News & Events

UMass Memorial Health Alliance in Leominster Plans to Close Pediatric Unit Depriving Children and Families of Access to Care Close to Home

LEOMINSTER, MA — In the wake of overwhelming community concern about recent service closures engineered by corporate executives at UMass Memorial Health Care (UMMHC), the Central Mass-based health care conglomerate has announced plans to close yet another service, this time it’s the 12-bed pediatric unit on the Leominster Hospital campus of UMass Memorial Health Alliance – Clinton Hospital.  The closure will force families of ill children to travel from Northern Worcester County to Worcester (28 miles away) for care they used to receive close to home. 

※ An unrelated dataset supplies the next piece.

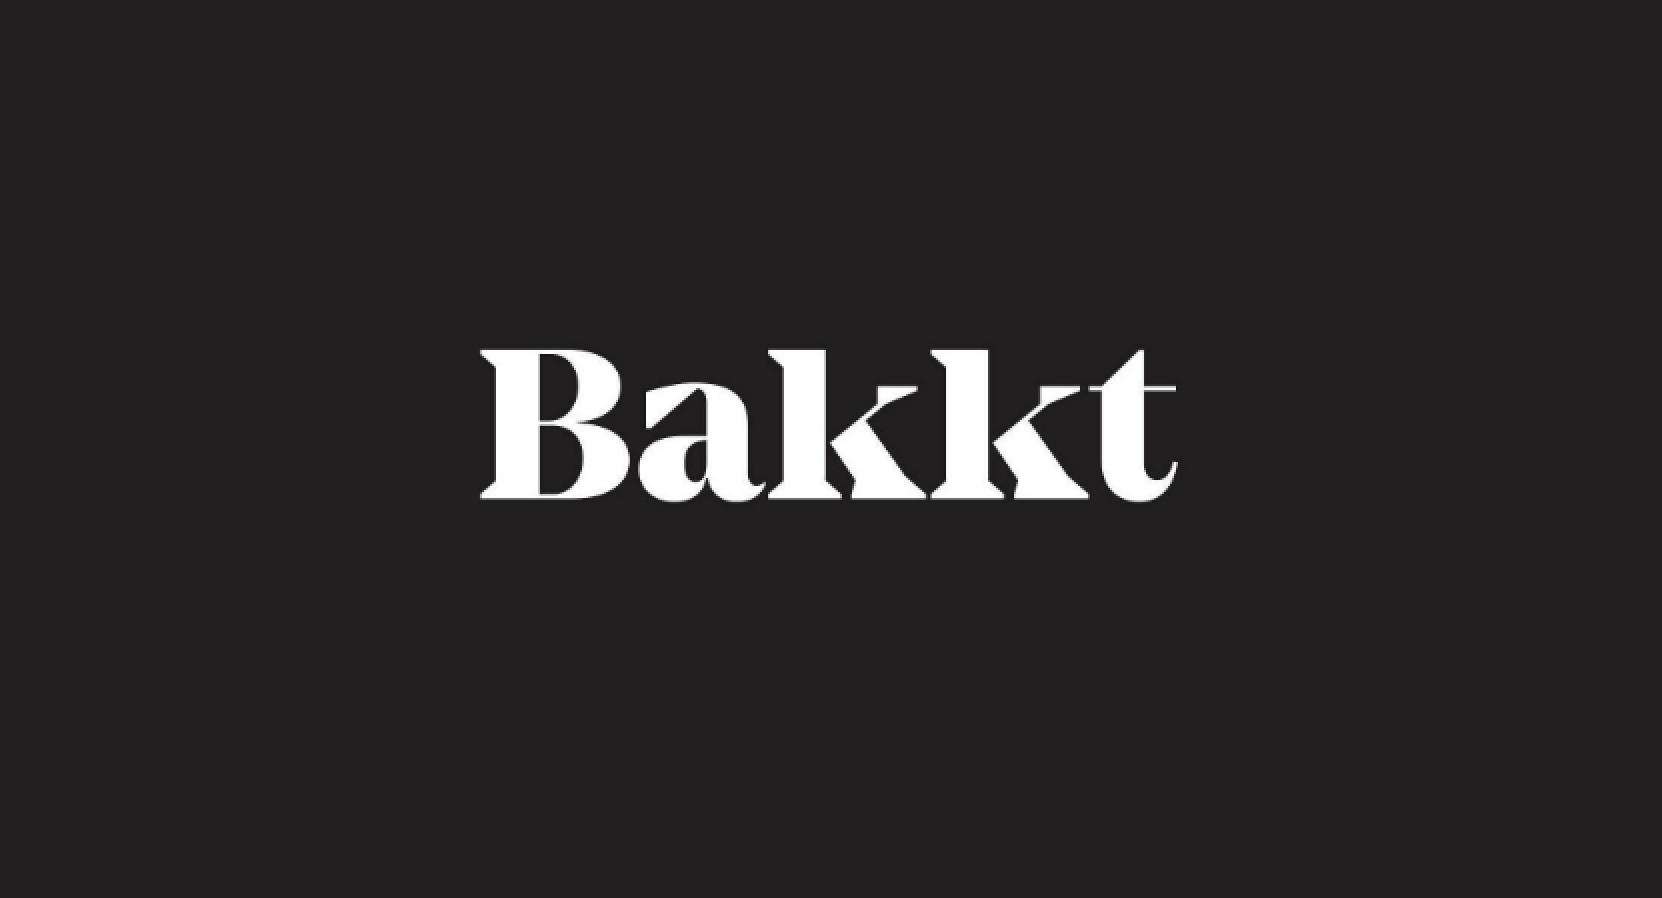 Bakkt Continues Expansion Despite CFTC Delay & Crypto Bear Market

The Leominster based pediatric unit provides first rate care to hundreds of children each year who are suffering from a variety of acute medical conditions, undergoing tests or undergoing and recovering from surgical procedures. For example, care provided includes care and observation of children undergoing IV hydration, or infants whose parents have witnessed them either stop breathing or have a seizure at home. Higher acuity patients include infants with respiratory illnesses such as acute asthma and pneumonia who need oxygen and newborns who are having trouble withdrawing from narcotic addiction and children with sepsis (a serious infection).

“We’re angry and disappointed that UMass Health Alliance would consider abandoning the children of our city and surrounding communities,” said longtime Health Alliance nurse Natalie Pereira, bargaining unit chairwoman of the Massachusetts Nurses Association local bargaining unit on the Leominster campus.  “Every day we see the services available to our local community being eroded or eliminated in the interest of further boosting profits for UMass Memorial Health Care corporate.”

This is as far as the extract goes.